> _DATA EXCERPT_:
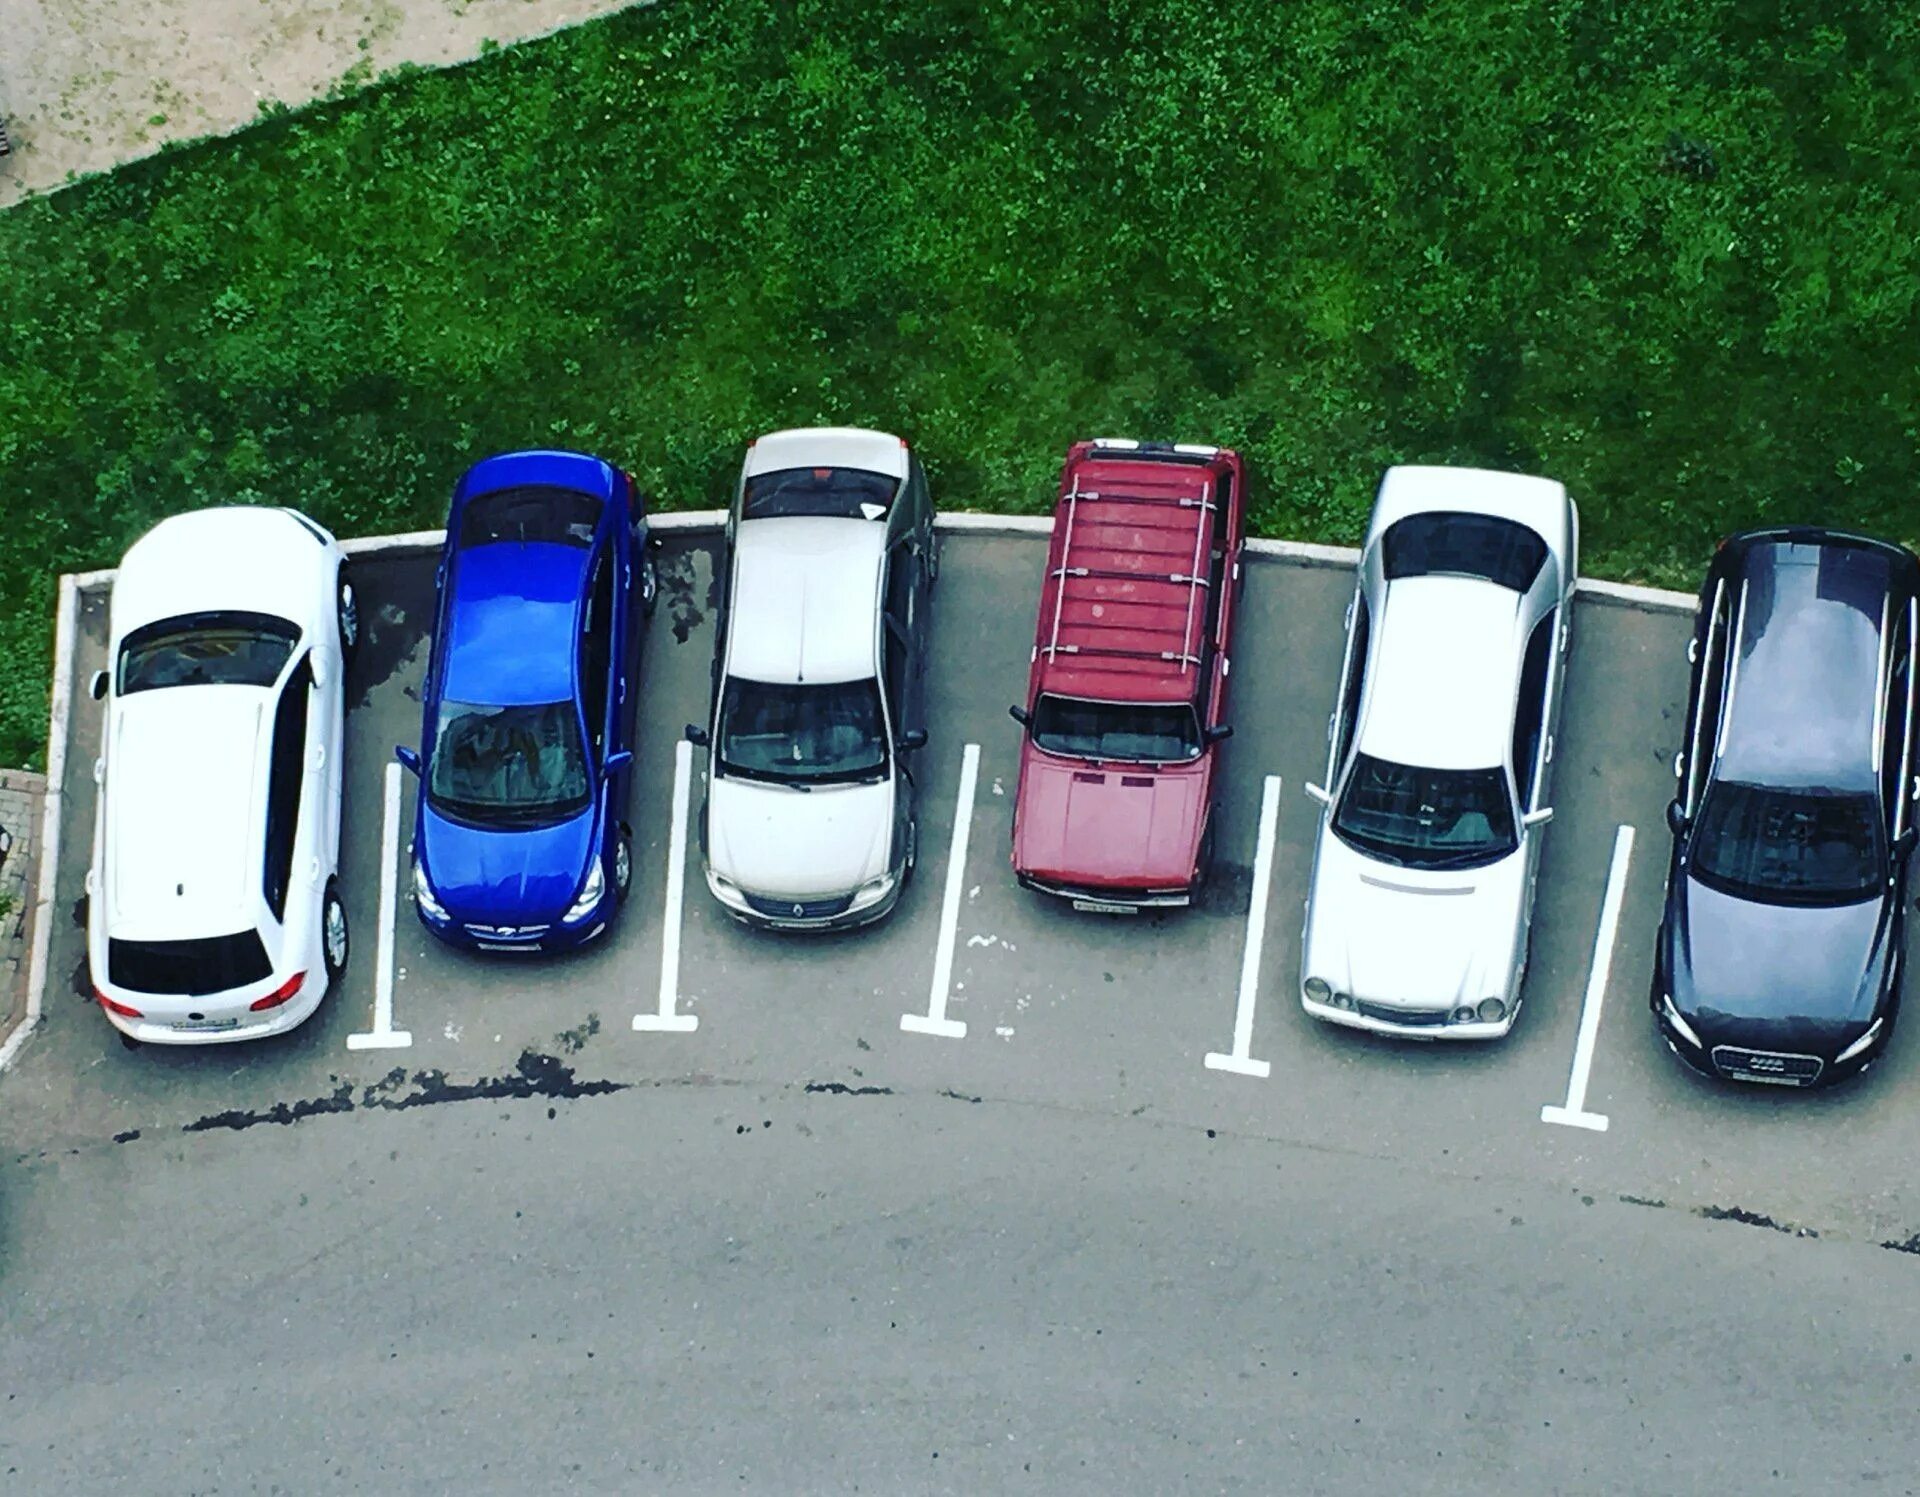 More parking lots. Стоянка автомобилей. Машина на парковке. Автомобиль в паркинге. Разметка парковки во дворе.
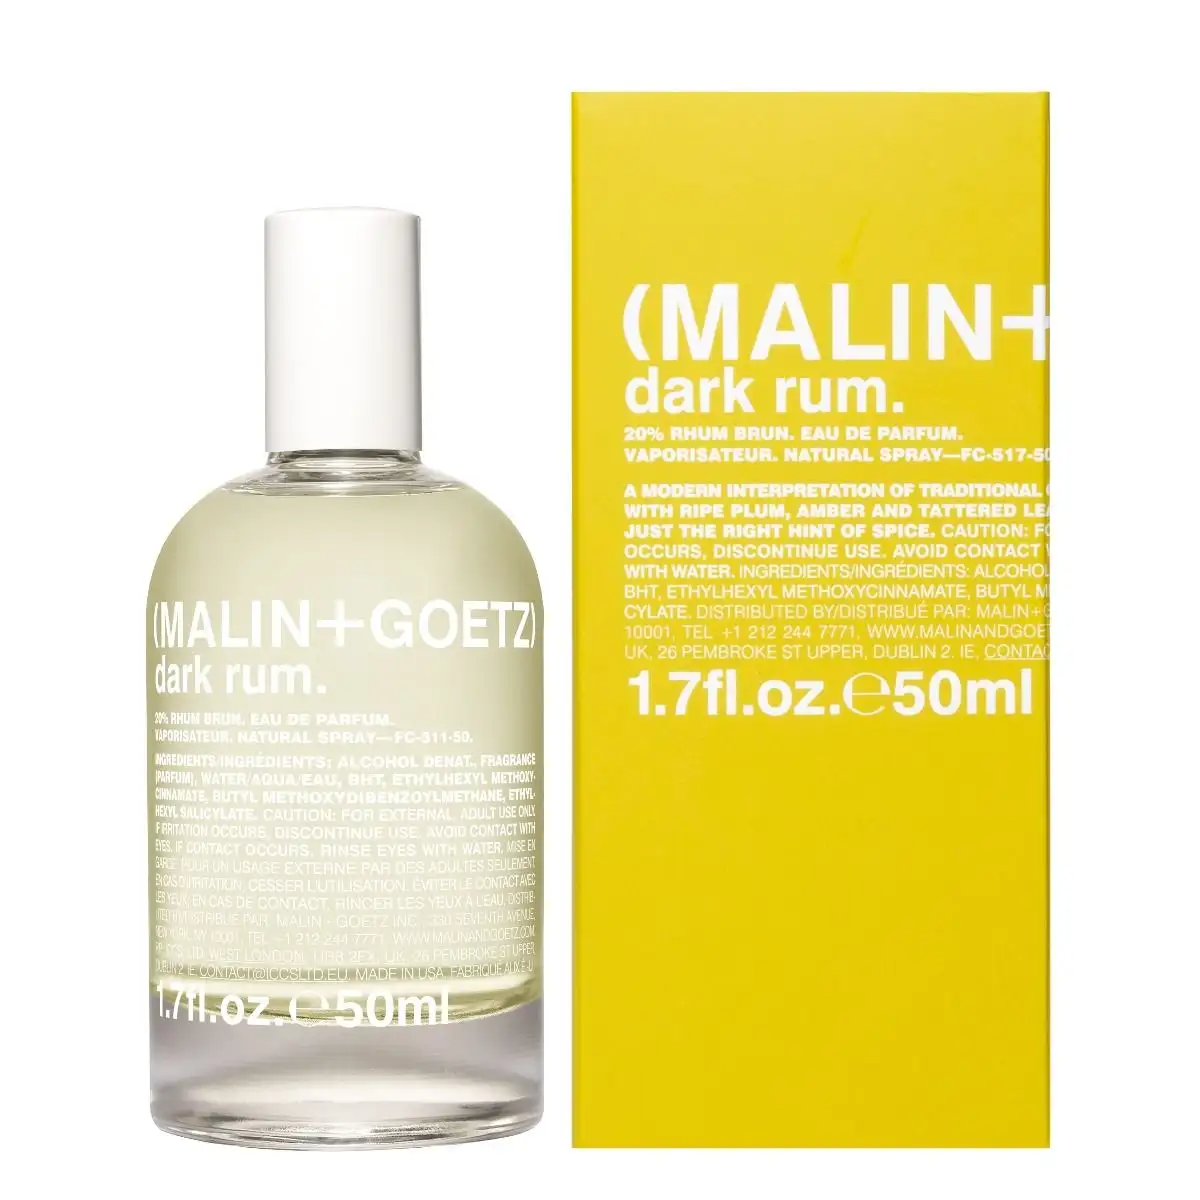 Malin + Goetz bottle and packaging for its Dark Rum parfum.
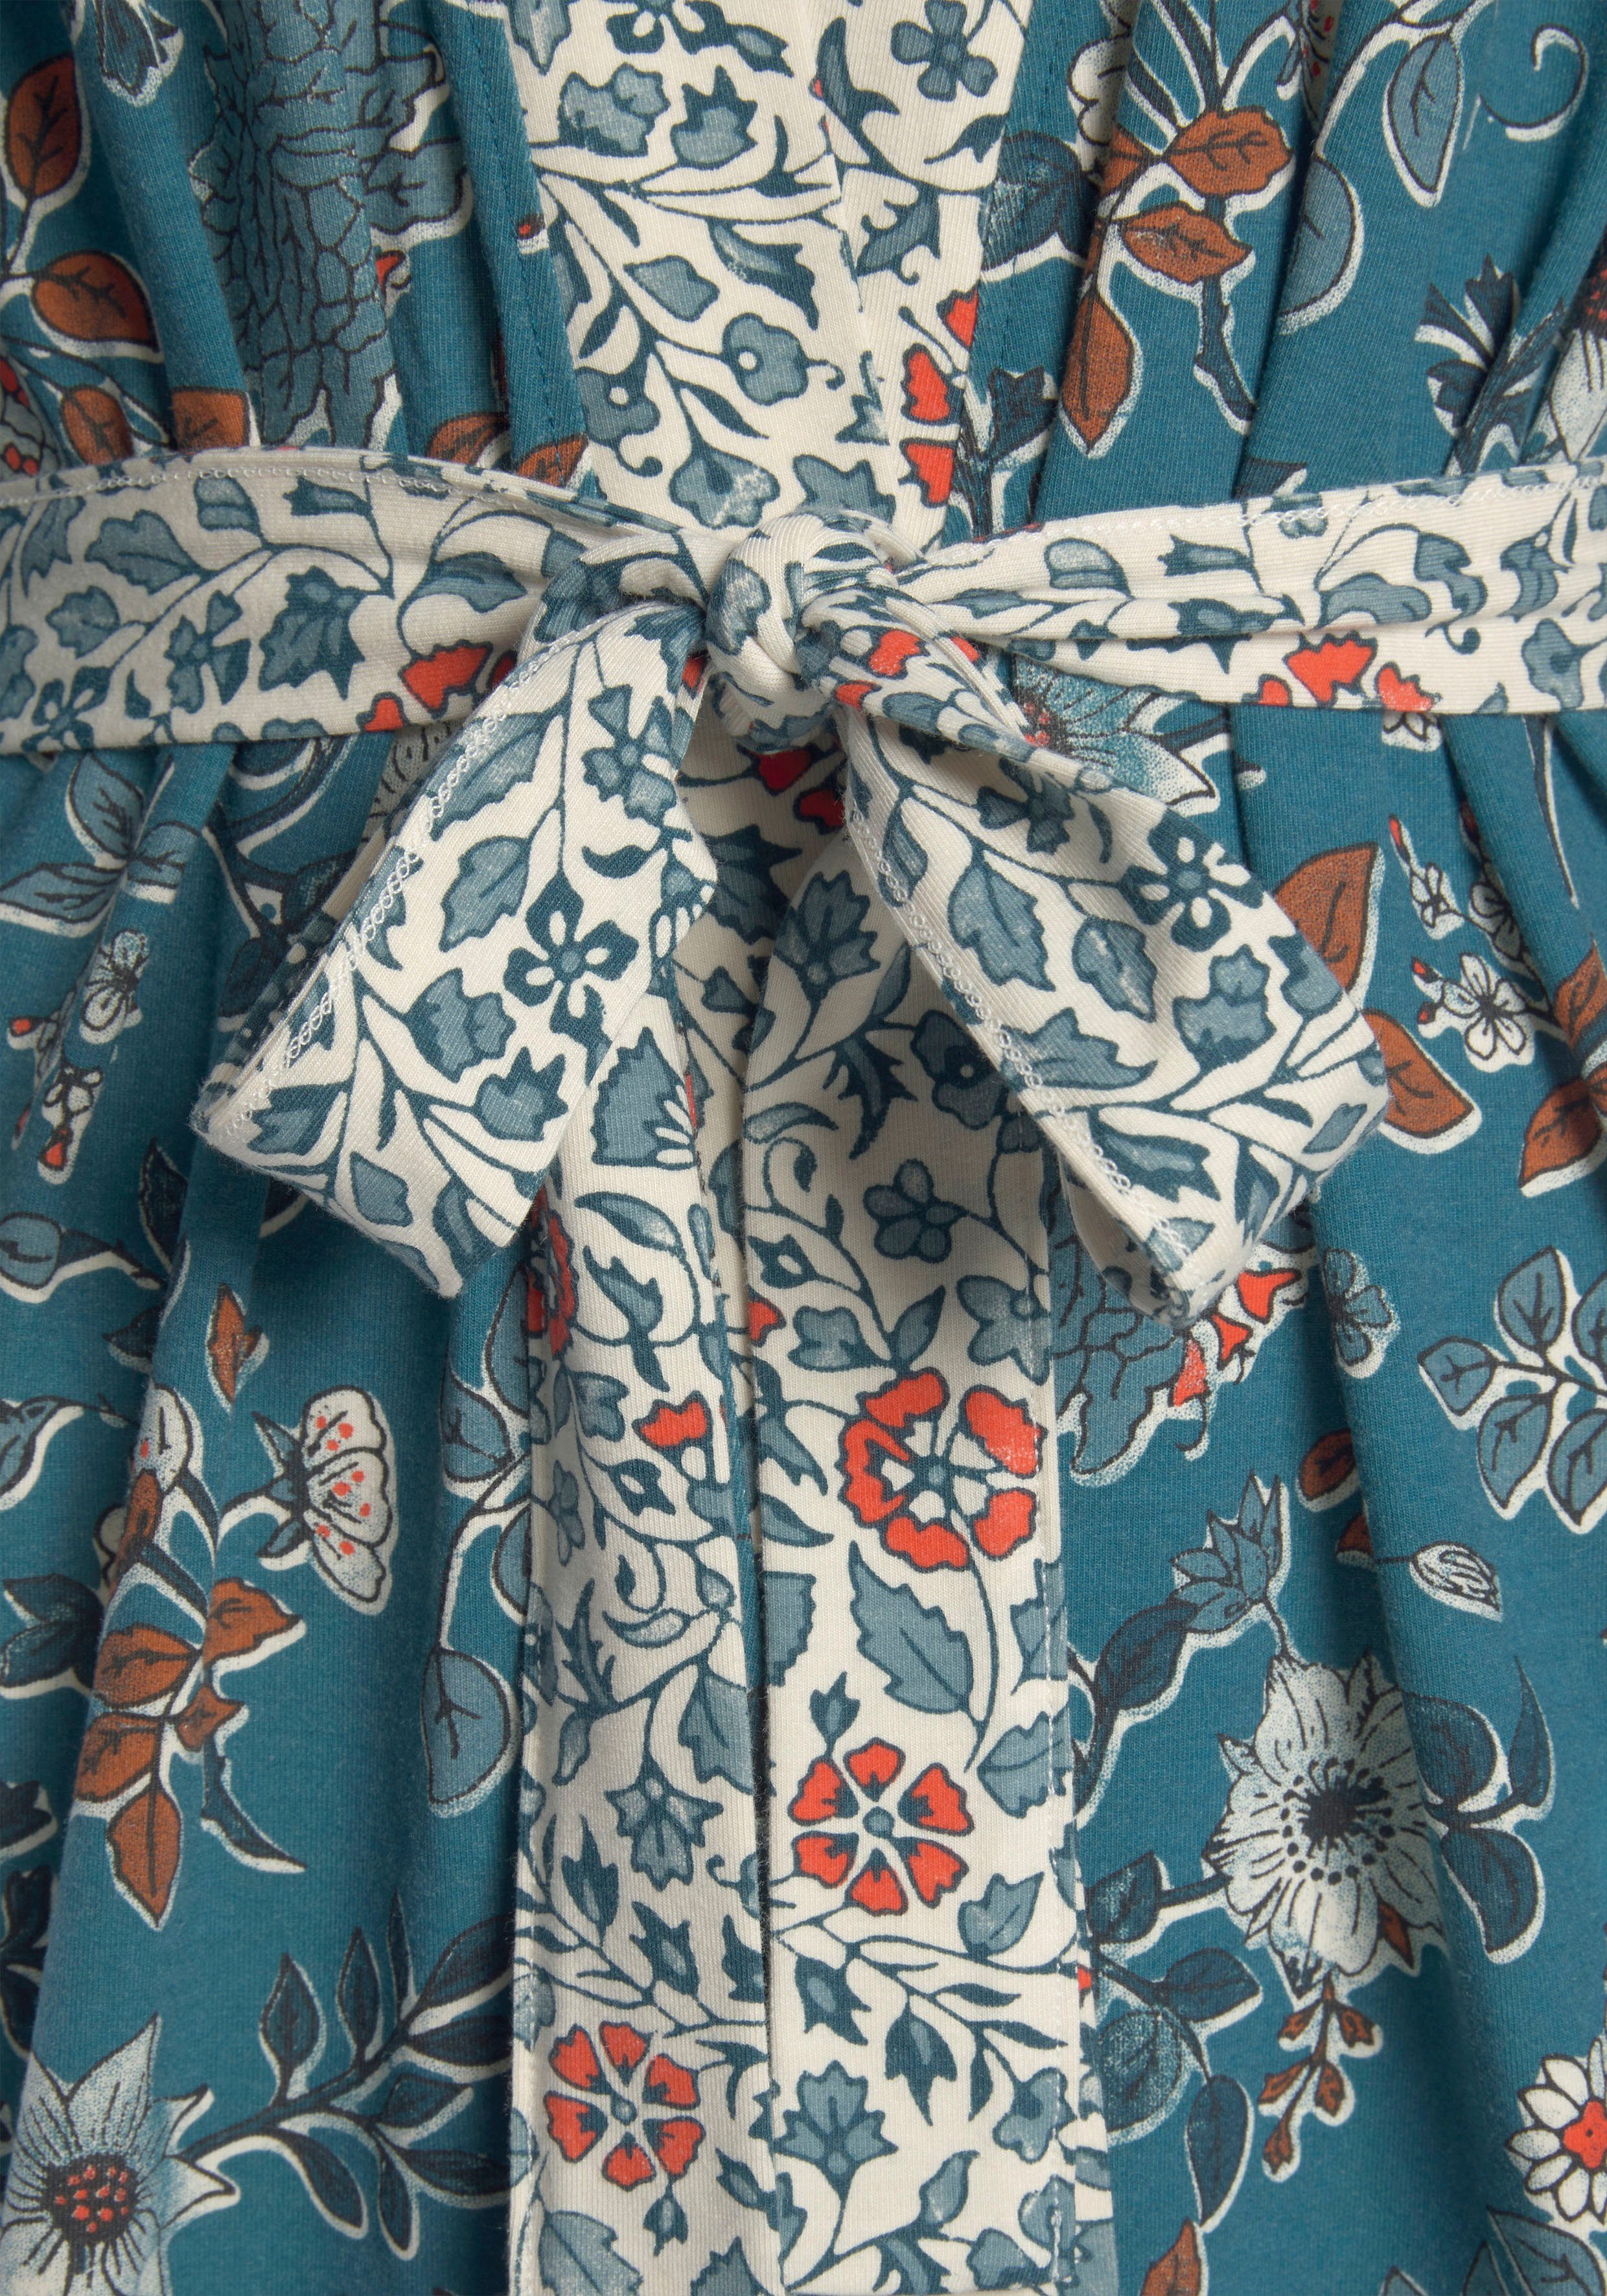 Blumen Jersey, rauchblau-ecru Allover-Druck Kimono, LASCANA Gürtel, Kurzform, mit Kimono-Kragen,

> _ACTION ITEM_: Retype the listing verbatim, minus every image.

> _RESULT FOR THIS TASK_:
 More parking lots. Стоянка автомобилей. Машина на парковке. Автомобиль в паркинге. Разметка парковки во дворе.
 Malin + Goetz bottle and packaging for its Dark Rum parfum.
 Blumen Jersey, rauchblau-ecru Allover-Druck Kimono, LASCANA Gürtel, Kurzform, mit Kimono-Kragen,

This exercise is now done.